When looking at our photos from Big Sur, it strikes me that taking pictures here makes you feel like a brilliant landscape photographer at the same time that it makes you feel completely inadequate trying to capture this much beauty in a simple photo.
This iconic 90 mile stretch of highway along California’s central coast is coastline by which all other coastline should be judged. There are beaches, sheer cliffs, waterfalls, craggy rock formations, as well as seals and a variety of birds. The manner in which these elements are combined is breathtaking.

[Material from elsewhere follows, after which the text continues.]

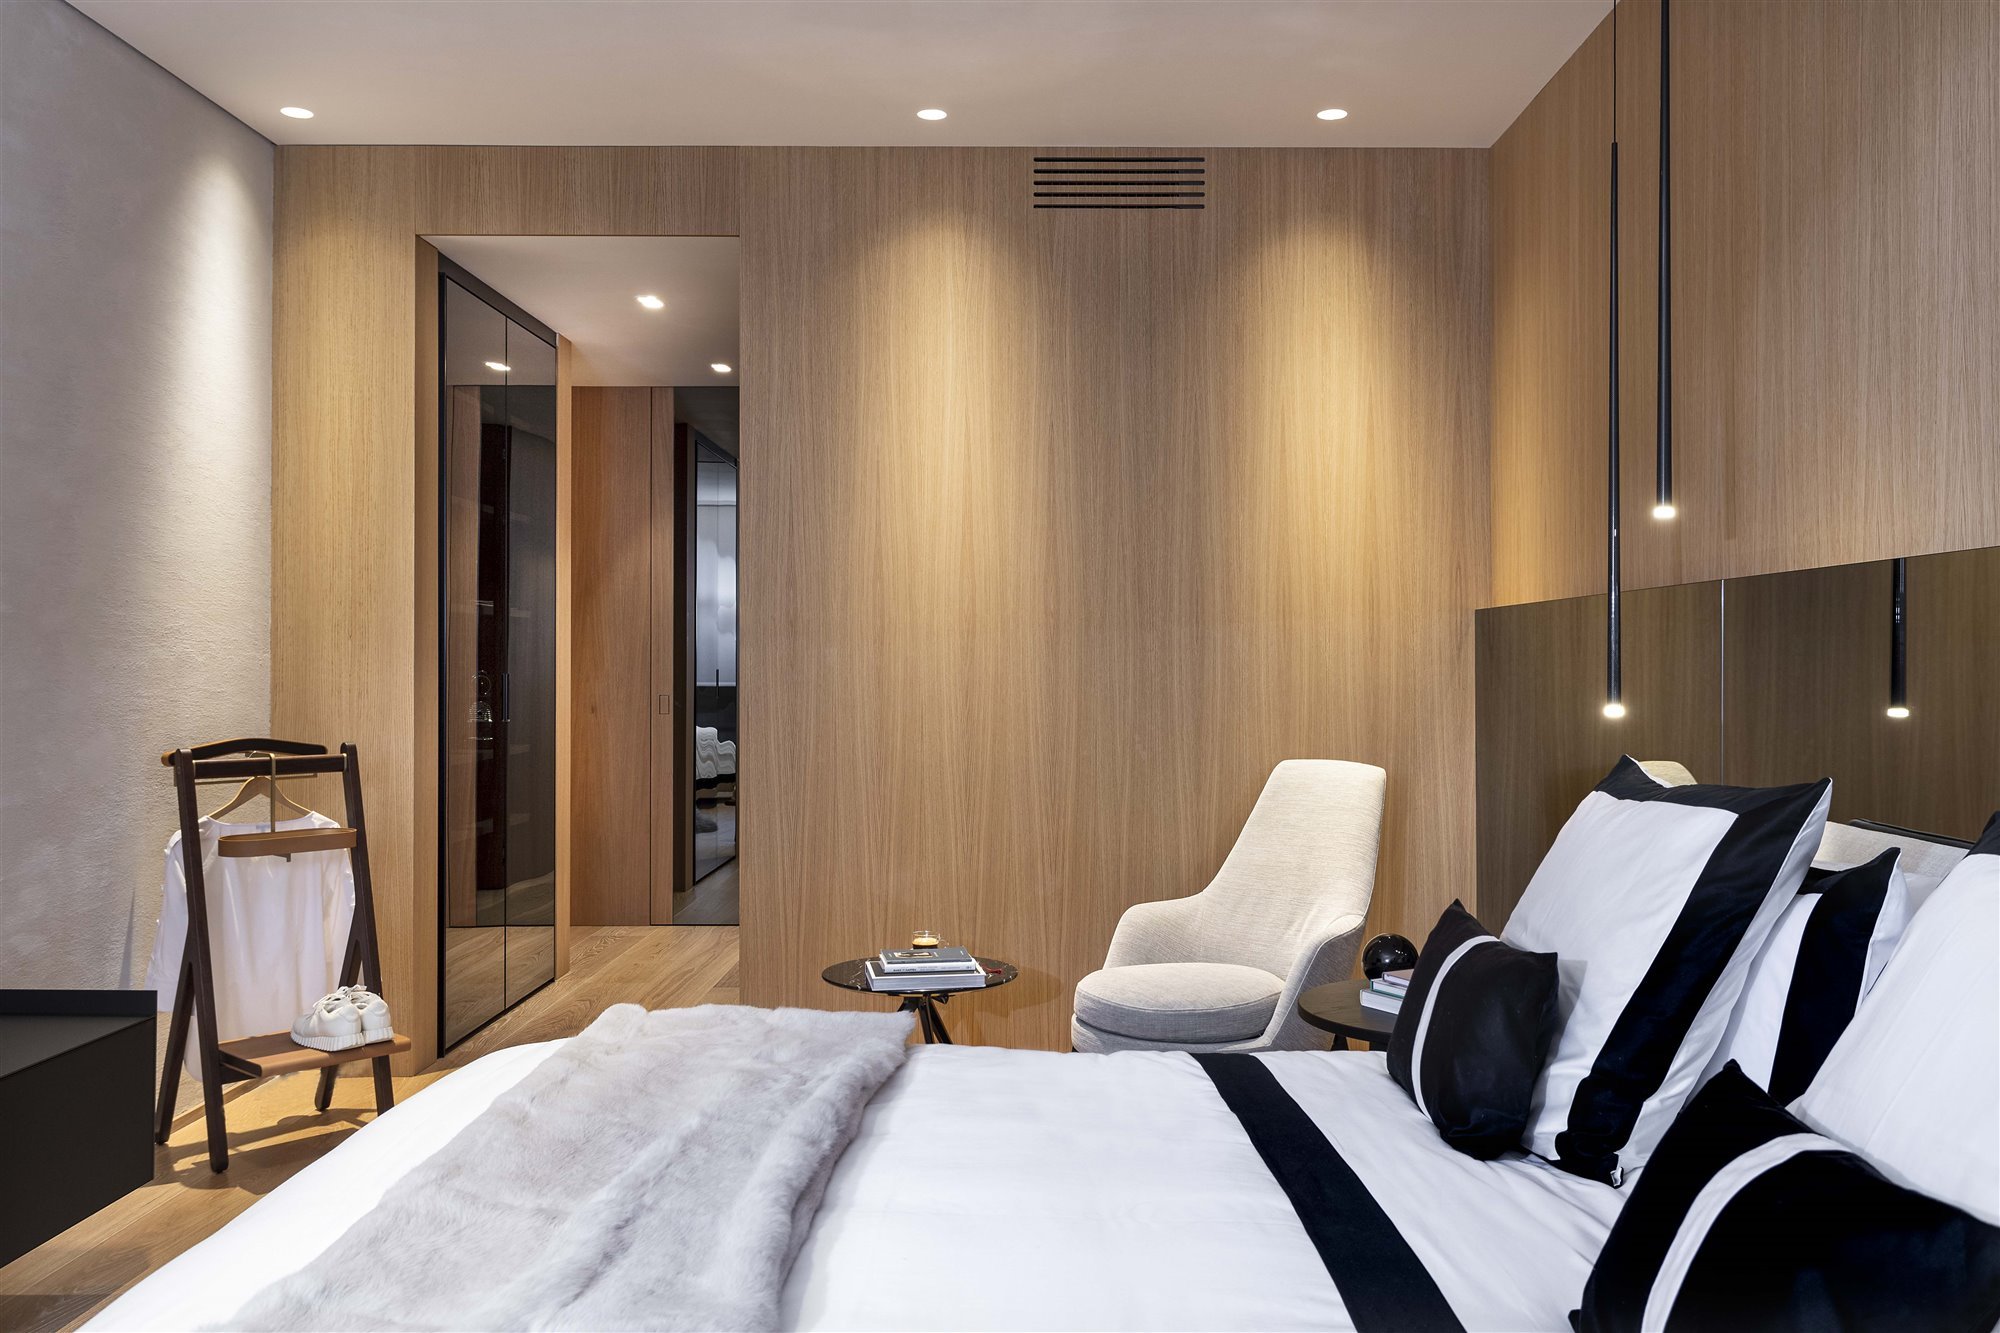 Casa de lujo en Madrid. Dormitorios confortables y adecuados

Our first stop was a beach just south of the beginning of Big Sur near Point Piedras Blancas Lighthouse where elephant seals congregate. This is a rookery to which the seals return for pupping and molting, as they are at this time of year. Their visit here requires them to fast, no food or water during their month long stay.
McWay Falls is an 80 foot tall “tidefall” located within Julia Pfeiffer Burns State Park. (Notice the waterfall just to the left of center in this photo.) Originally, it fell directly into the ocean but landslides in the mid-1980’s caused an inaccessible beach to form.
In the late 1800’s, John Partington set up a business to harvest the bark of tanbark oaks. He used this cove to load his product onto ships for transport. You have to walk through a 60 foot tunnel in order to reach the cove. The trail down is a 280 elevation drop from the Big Sur highway.
Prior to the building of this bridge, traversing this section of the coastline required a trip inland of about 30 miles and was virtually impossible to make during the winter. The bridge was completed in 1932 and at a height of 280 feet is one of the tallest single span bridges in the world. This bridge, more than anything else is an icon for Big Sur.